Determining an address of each feature data in the first feature data set, and determining an address of each weight in the first weight data set.
A data processing method, characterized in that the method includes:

Obtain a first weight matrix in a first weight data set, where the first weight matrix is represented as n rows and m columns of weight data, and the data in the first weight data set is from the same Input channel, where n is an integer greater than or equal to 2 and m is an integer greater than or equal to 2;

Obtaining a second weight matrix according to the first weight matrix, wherein the second weight matrix is a matrix in which the first weight matrix is rearranged in rows;

Perform a first multiplication operation using a first weight matrix and a first feature data set;

Perform a second multiplication operation using the second weight matrix and the first feature data set;

A target data set is determined according to an operation result of the first multiplication operation and the second multiplication operation.
The method according to claim 6, further comprising:

Obtaining addresses of weight data in the first weight matrix and the second weight matrix;

Perform an address operation using the addresses of the weight data in the first weight matrix and the second weight matrix and the addresses in the first feature data set;

The determining a target data set according to an operation result of the first multiplication operation and the second multiplication operation includes:

A target data set is determined according to an operation result of the first multiplication operation, an operation result of the second multiplication operation, and an operation result of the address operation.
The method according to claim 7, further comprising: obtaining a third weight matrix to an n-th weight matrix in the first weight data set, wherein the third weight The matrix to the n-th weight matrix is a matrix in which the first weight matrix is rearranged in rows, and any of the n row vectors of the first to n-th weight matrices located in the same row is in the same row. The two row vectors are not the same;

Obtaining addresses of weight data in the third weight matrix to the n-th weight matrix;

An address operation is performed using the addresses of the weight data of the third to n-th weight matrixes and the addresses of the feature data in the first feature data set.
The method according to claim 7 or 8, wherein the target data set includes a result matrix, and the result matrix is a convolution operation performed on the first feature data set and the first weight data set.
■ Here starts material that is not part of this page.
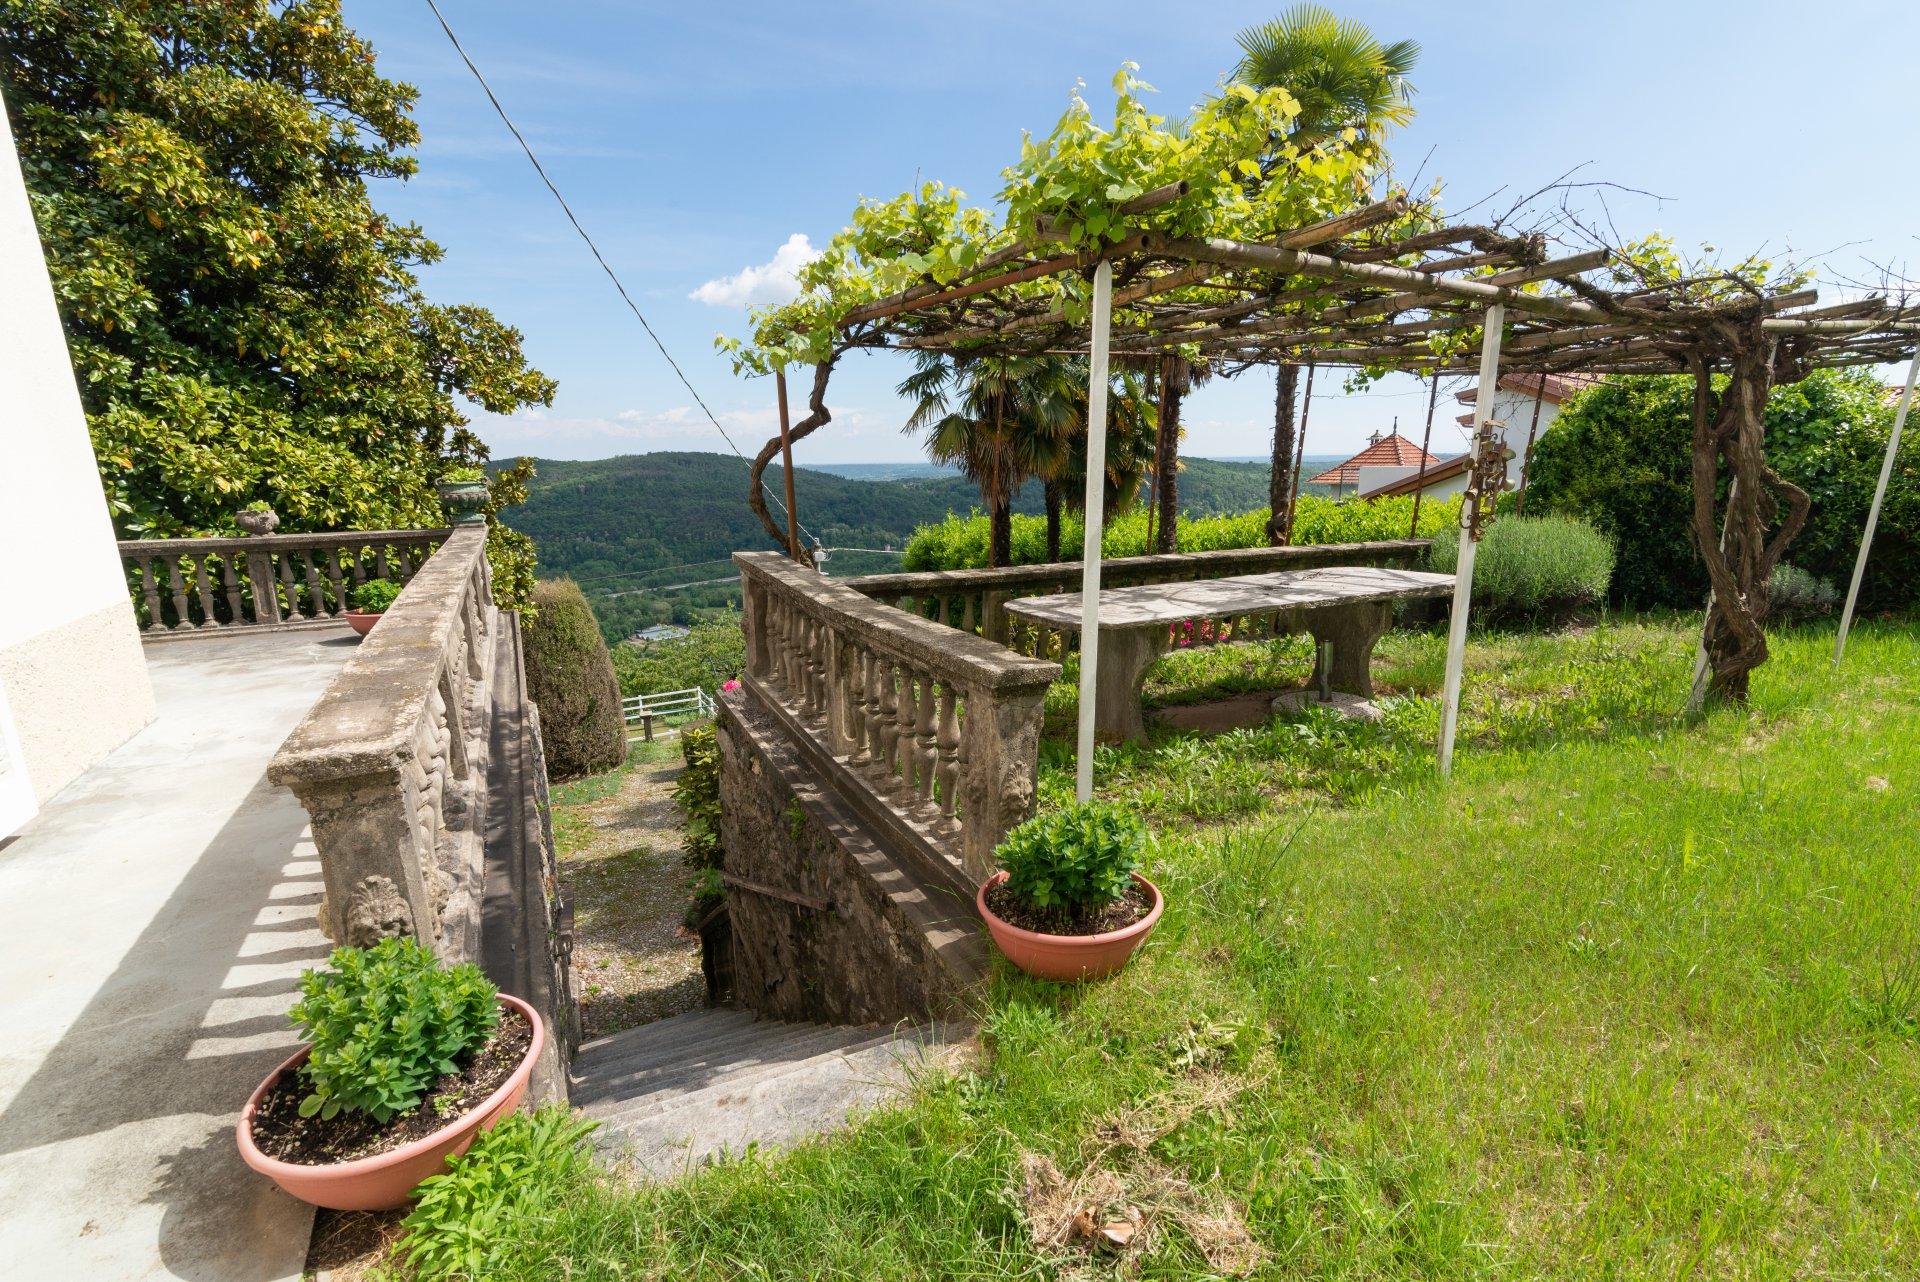 Proprietà storica in vendita al Lago Maggiore- scalinata nel giardino

As a result, the first feature data set is represented as a first feature matrix,

The method further includes:

The address of the weight data stored in the array, the address of the first feature data set, the size corresponding to the first feature matrix, the filling size, and the weight size are determined according to each address to determine a first target address, where: The weight size is n rows and m columns, the filling size includes a horizontal filling size and a vertical filling size, the horizontal filling size is (n-1) / 2, and the vertical filling size is (m-1) / 2.
The method according to any one of claims 5 to 9, wherein the method further comprises:

Acquiring a second feature data set, and removing elements with a value of 0 in the second feature data set to obtain the first feature data set;

Acquiring a second weight data set, and removing elements with a value of 0 in the second weight data set to obtain the first weight data set;

Determining an address of each feature data in the first feature data set, and determining an address of each weight in the first weight data set.
A data processing device, characterized in that the data processing device includes:

A processor and a memory, where the memory stores program code, and the processor is configured to call the program code in the memory to perform the data processing method according to any one of claims 6-10.